DATA SECTION:

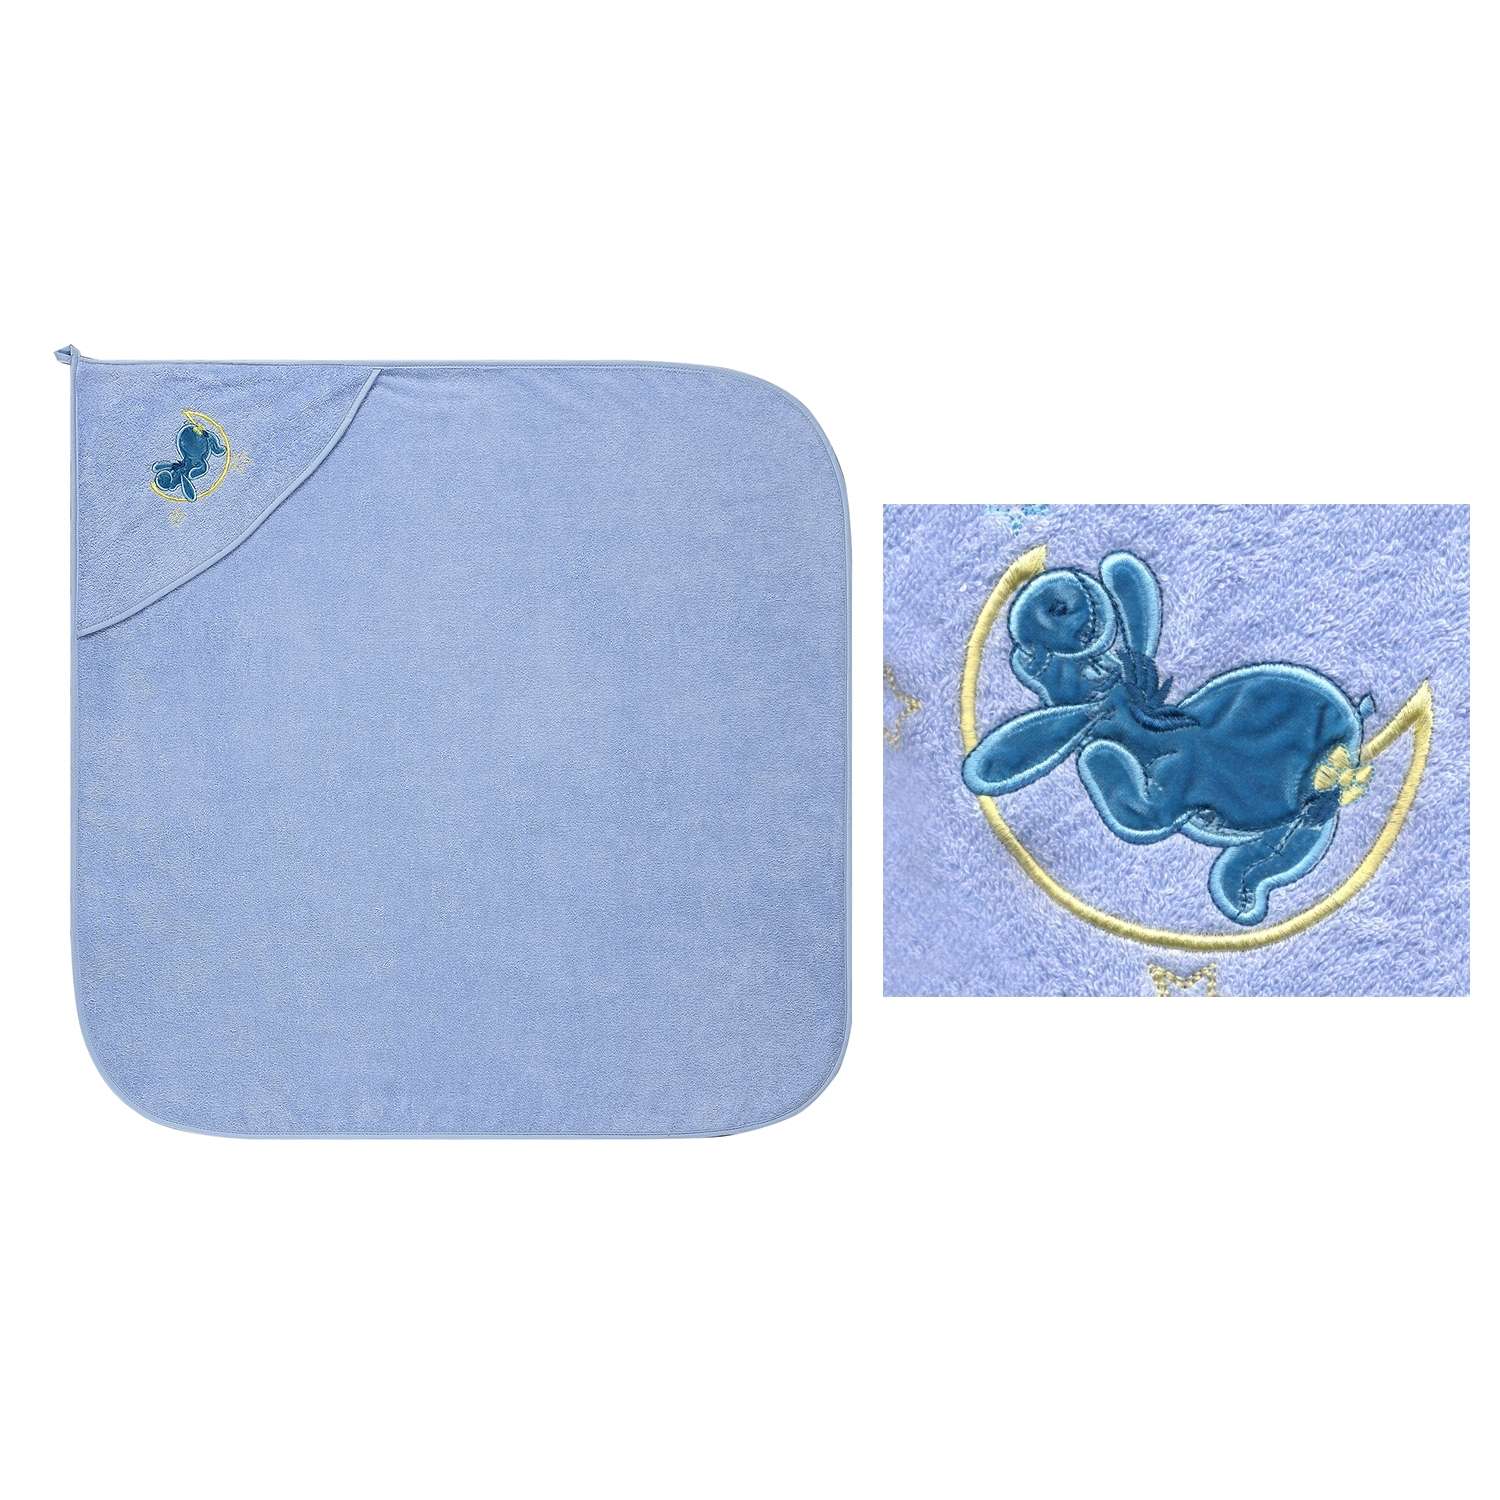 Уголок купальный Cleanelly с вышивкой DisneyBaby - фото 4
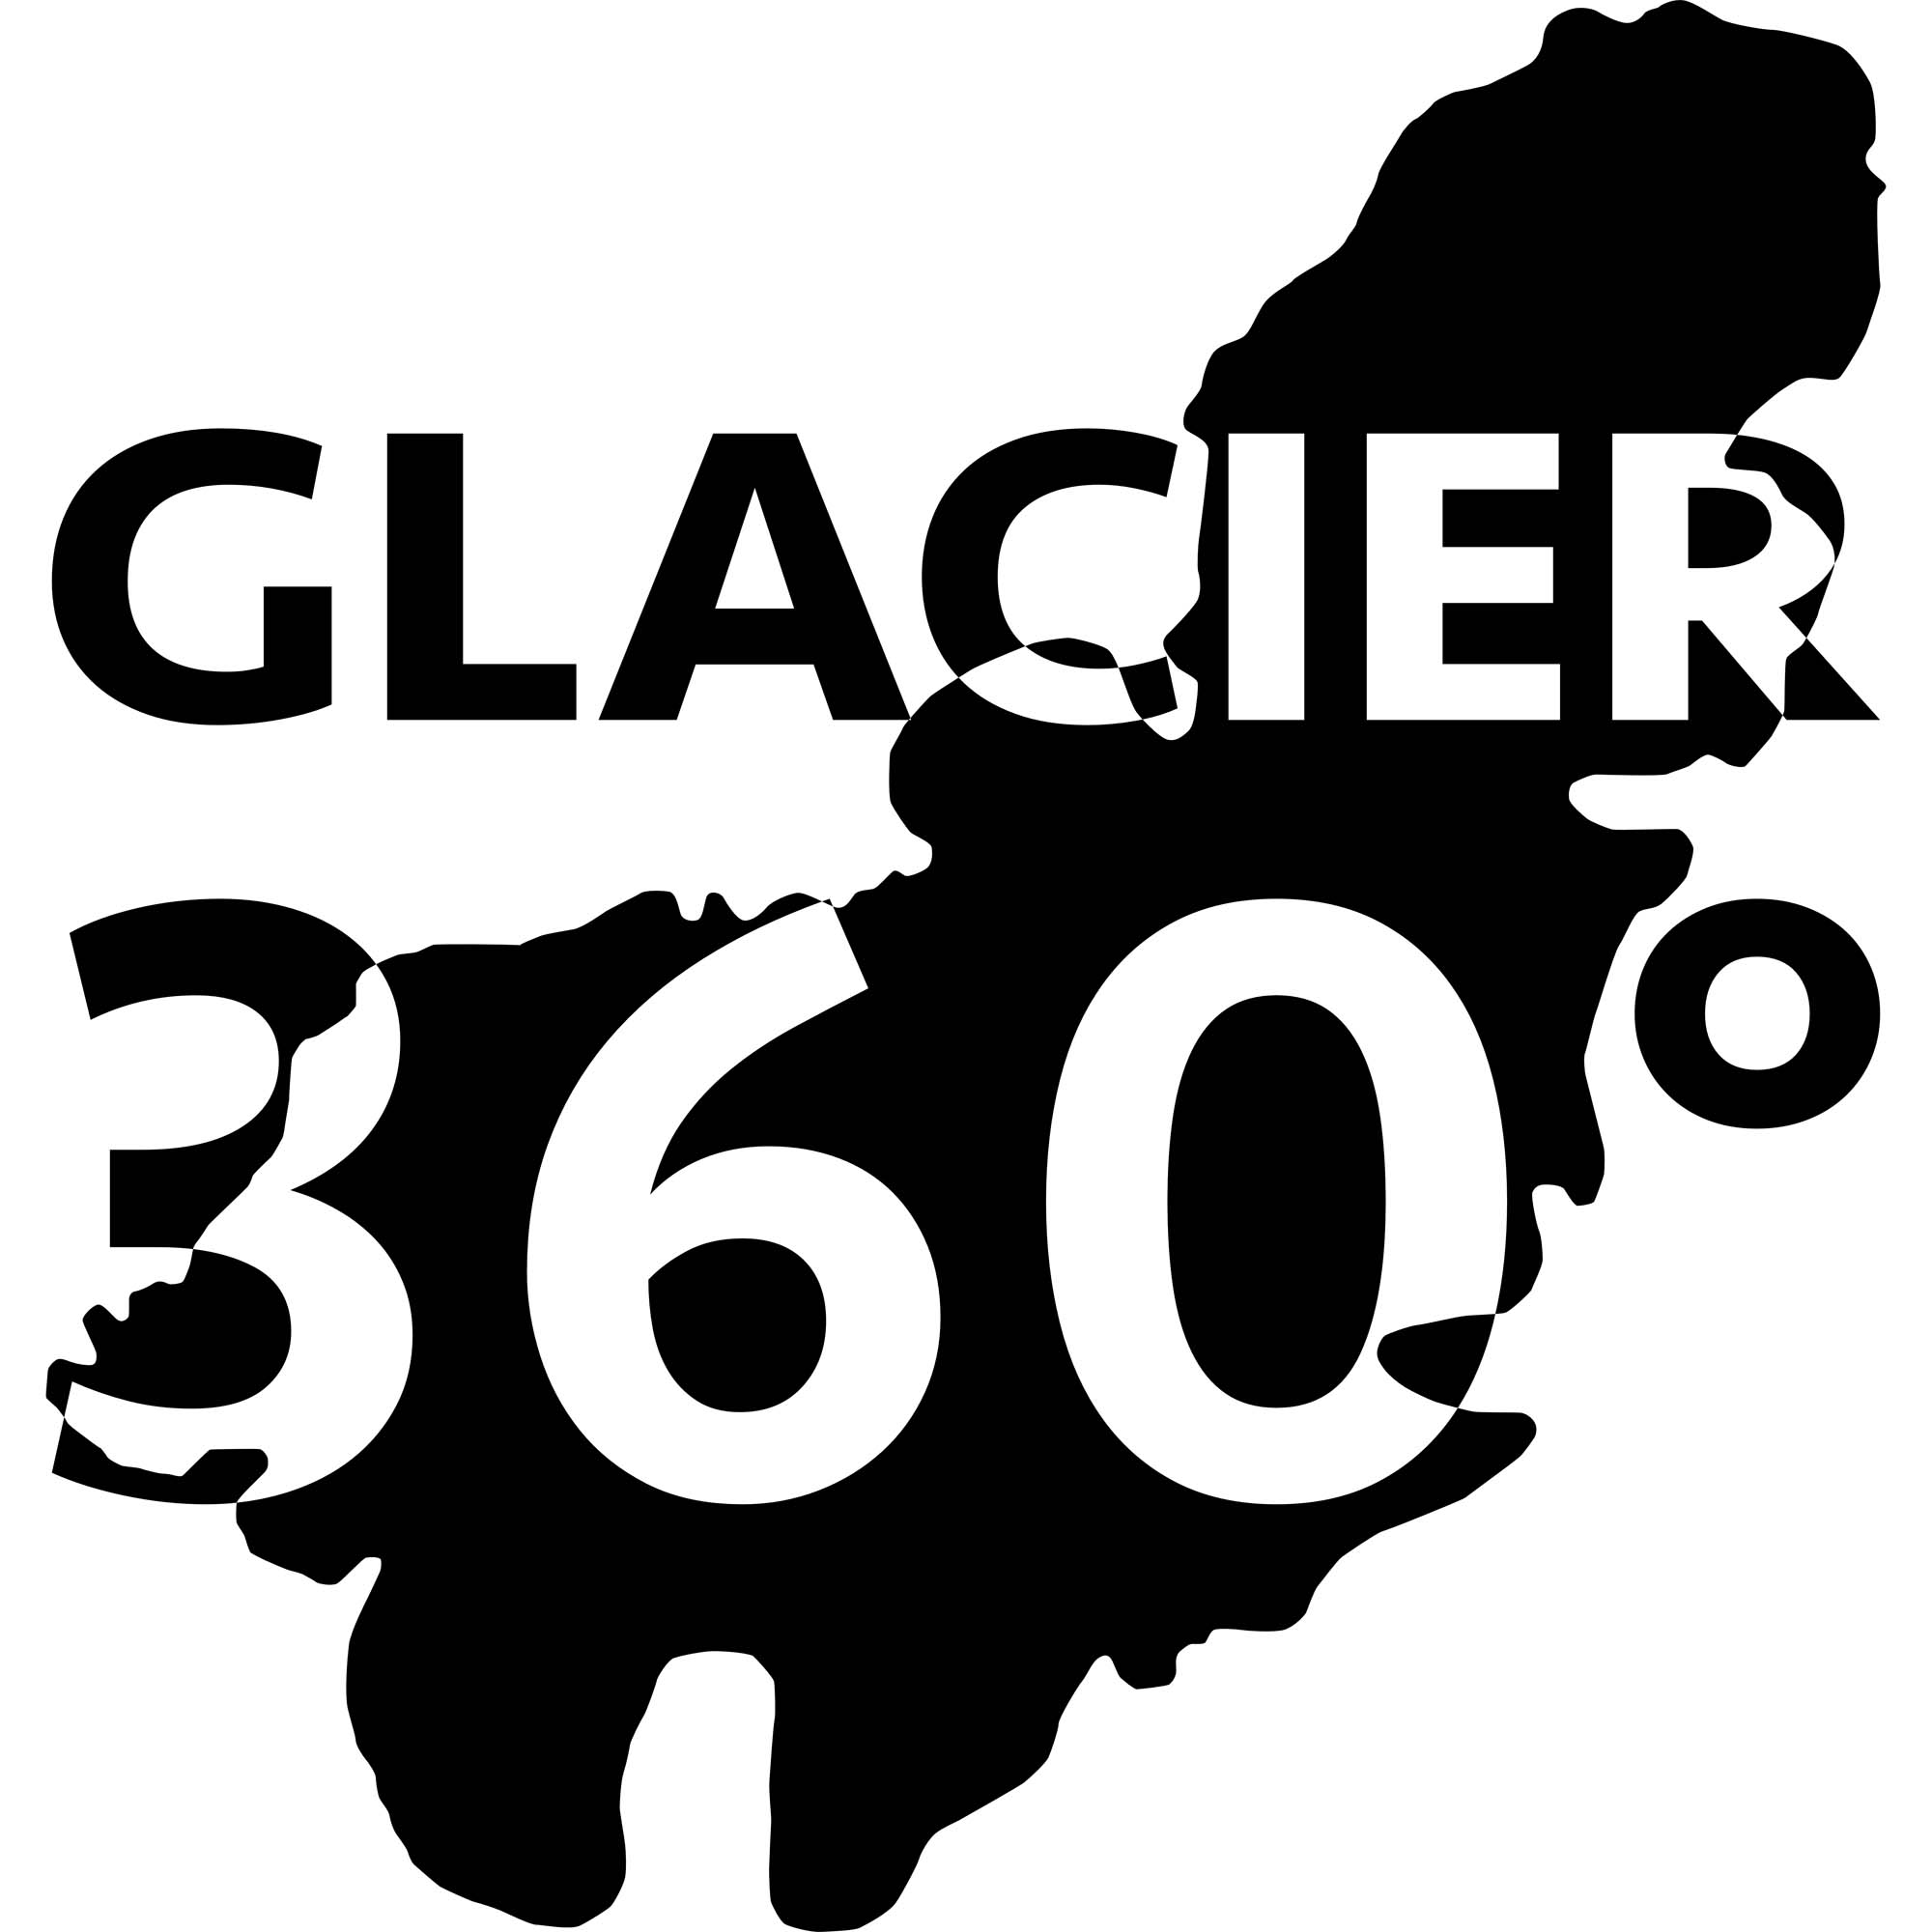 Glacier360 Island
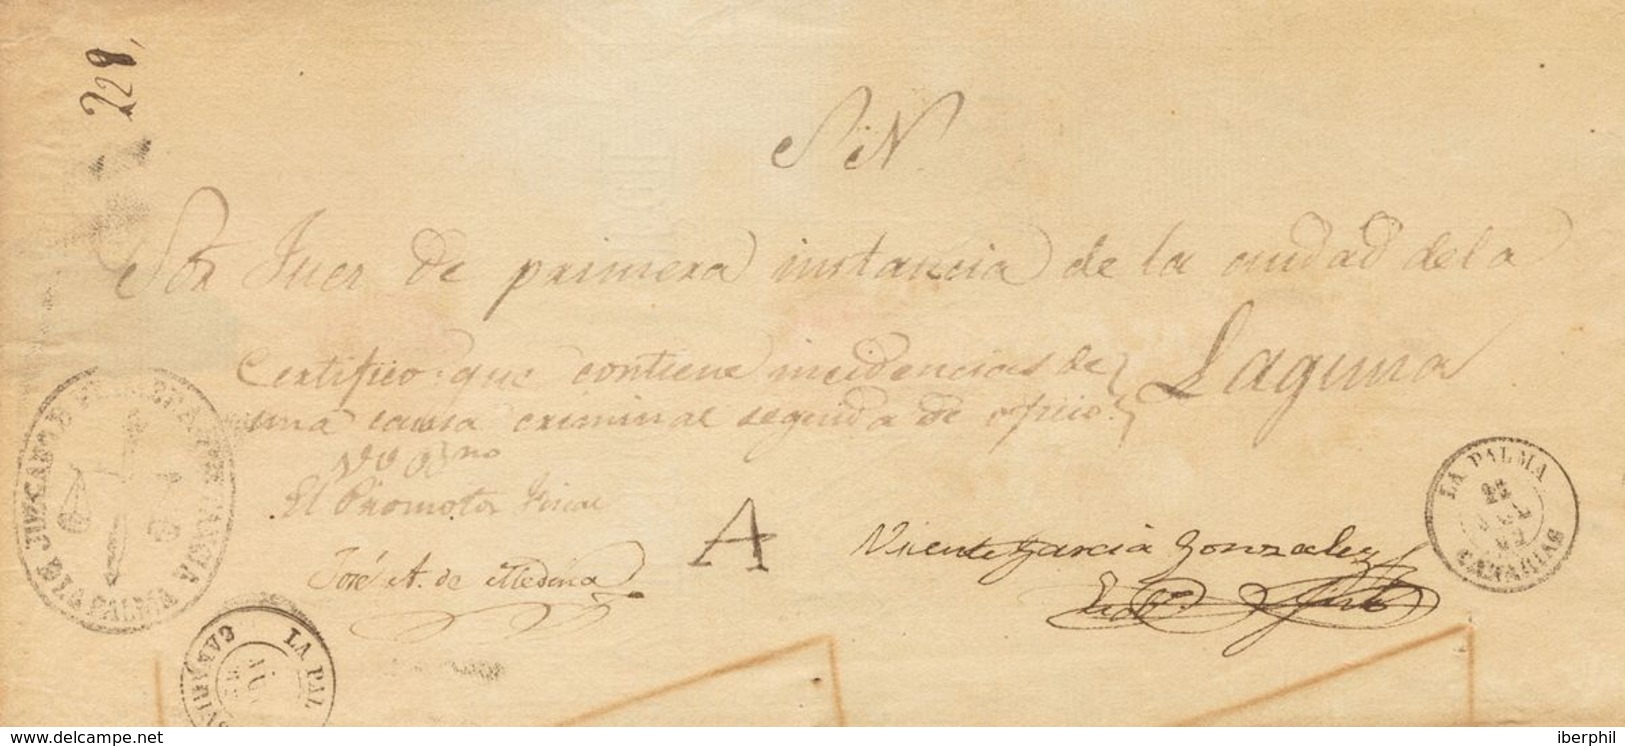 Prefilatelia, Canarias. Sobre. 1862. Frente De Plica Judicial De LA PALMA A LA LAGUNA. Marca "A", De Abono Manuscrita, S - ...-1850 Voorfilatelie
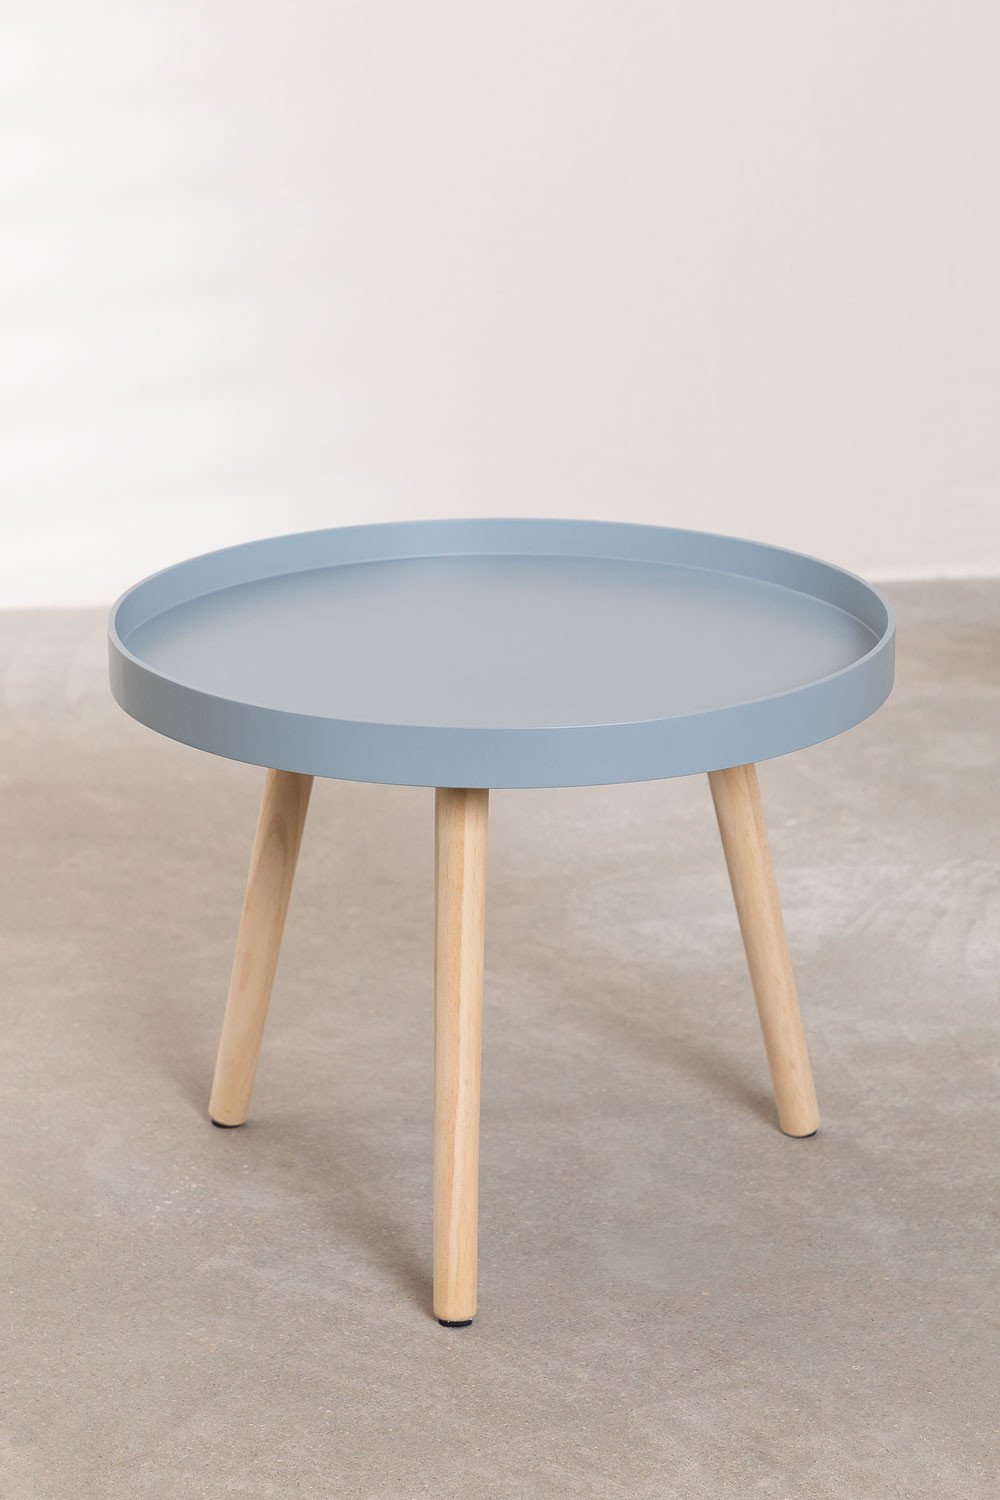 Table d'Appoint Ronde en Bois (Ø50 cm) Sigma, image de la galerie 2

ACTION ITEM: Please give all of the material again, exactly, without the images.

SOLUTION TO THIS TASK:
 Уголок купальный Cleanelly с вышивкой DisneyBaby - фото 4
 Glacier360 Island
 Prefilatelia, Canarias. Sobre. 1862. Frente De Plica Judicial De LA PALMA A LA LAGUNA. Marca "A", De Abono Manuscrita, S - ...-1850 Voorfilatelie
 Table d'Appoint Ronde en Bois (Ø50 cm) Sigma, image de la galerie 2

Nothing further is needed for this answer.